PHAE is a Google+ authorship extraction tool written in Python. It is extracting authorship information from html pages based on the Google+ authorship tag .
It is supposed to return similar result as the Structured Data Testing Tool ( SDTT ) provided by Google.
The script can follow rel="author" and rel="me" links in a recursive way until it finds a link to a Google+ user page. It returns the name and link to Google+ profile of the author.
At the moment, we do not provide an installation package. To install Phae, just git clone this repository:
git clone git@github.com:tanzaho/PHAE.git
You need to install some dependencies using ip :
cd PHAE
pip install -r requirements.txt
The script needs a public Google API token to access author information. Get one at the Google API Console.
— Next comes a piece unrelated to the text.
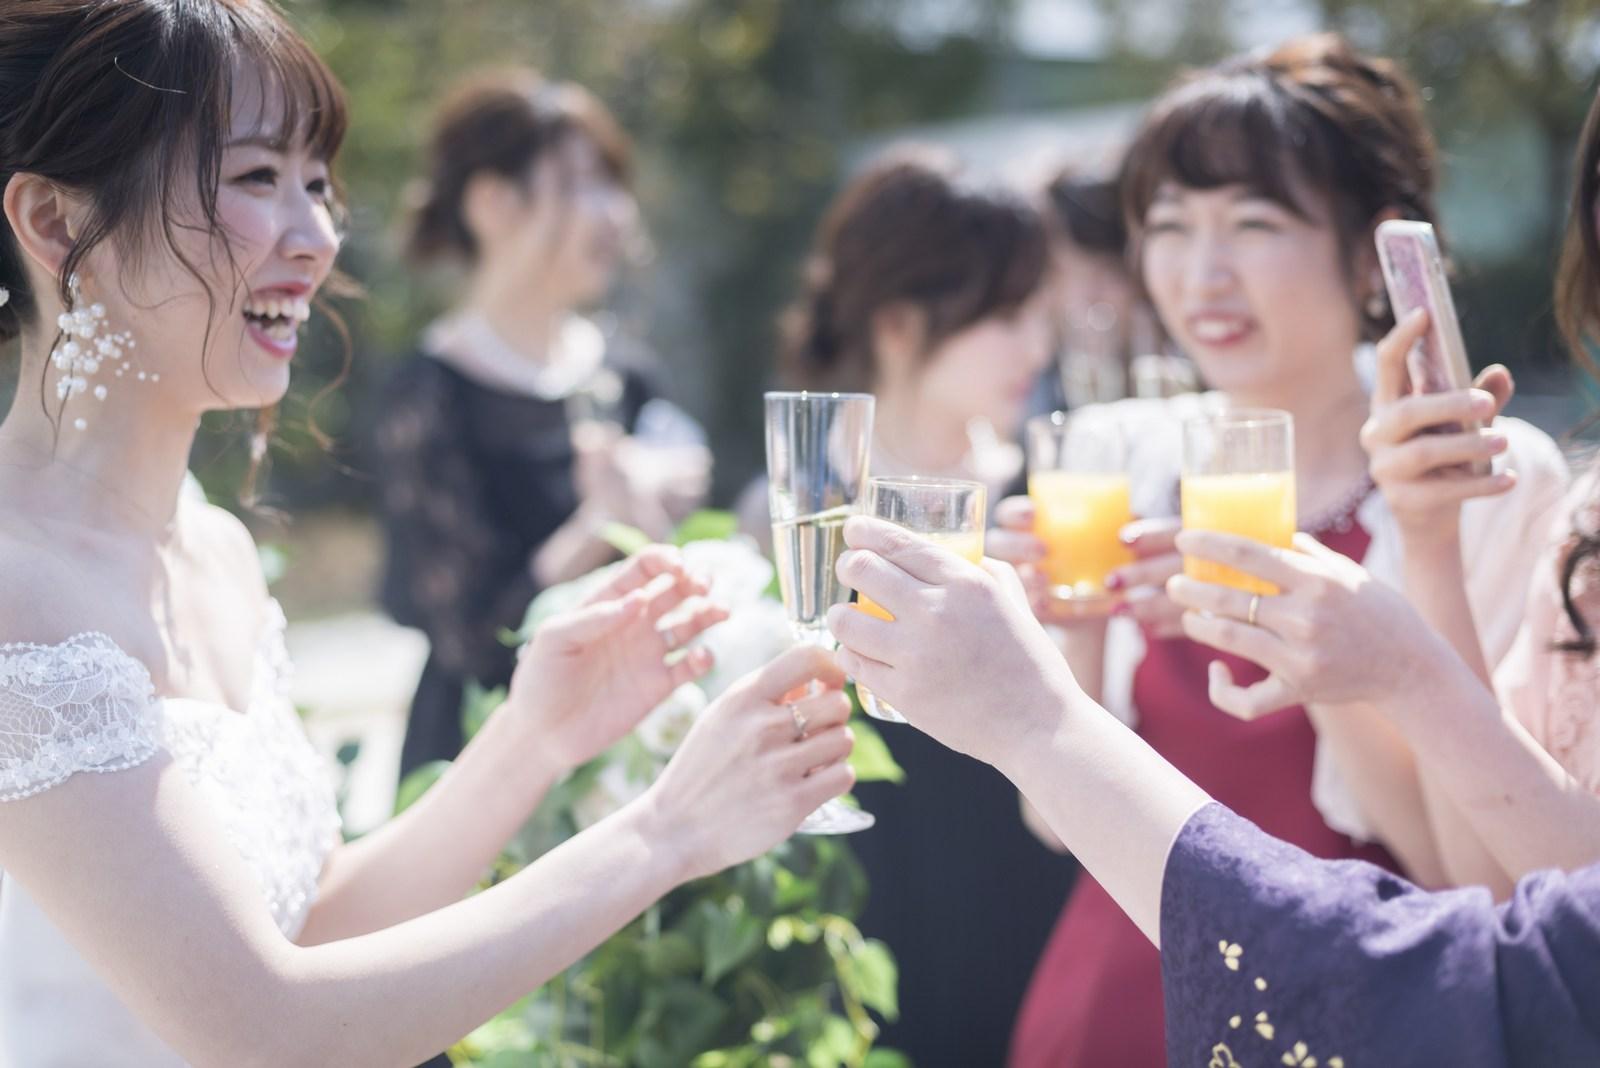 香川の結婚式場シェルエメール&アイスタイル 乾杯

You can then either place this token in the settings.py file or
use it as a parameter when calling the script.
To get the authorship information from a given url :
from PHAE import phae
# Either use the token from `settings.py` or use it as an (optional) parameter
g_token = "your_token_123456789"
phae = Phae(google_token=g_token)
# Define the url you want to analyze
url = "http://blog.elokenz.com/features/wordpress_widget"
try:
author = phae.get_author(url)
print author['first_name']
print author['family_name']
print author['google_plus_profile']
except:
print "No correct author found"
- Write custom exceptions and return the correct one when needed
- Write tests
- Write a longer documentation
- Create an installer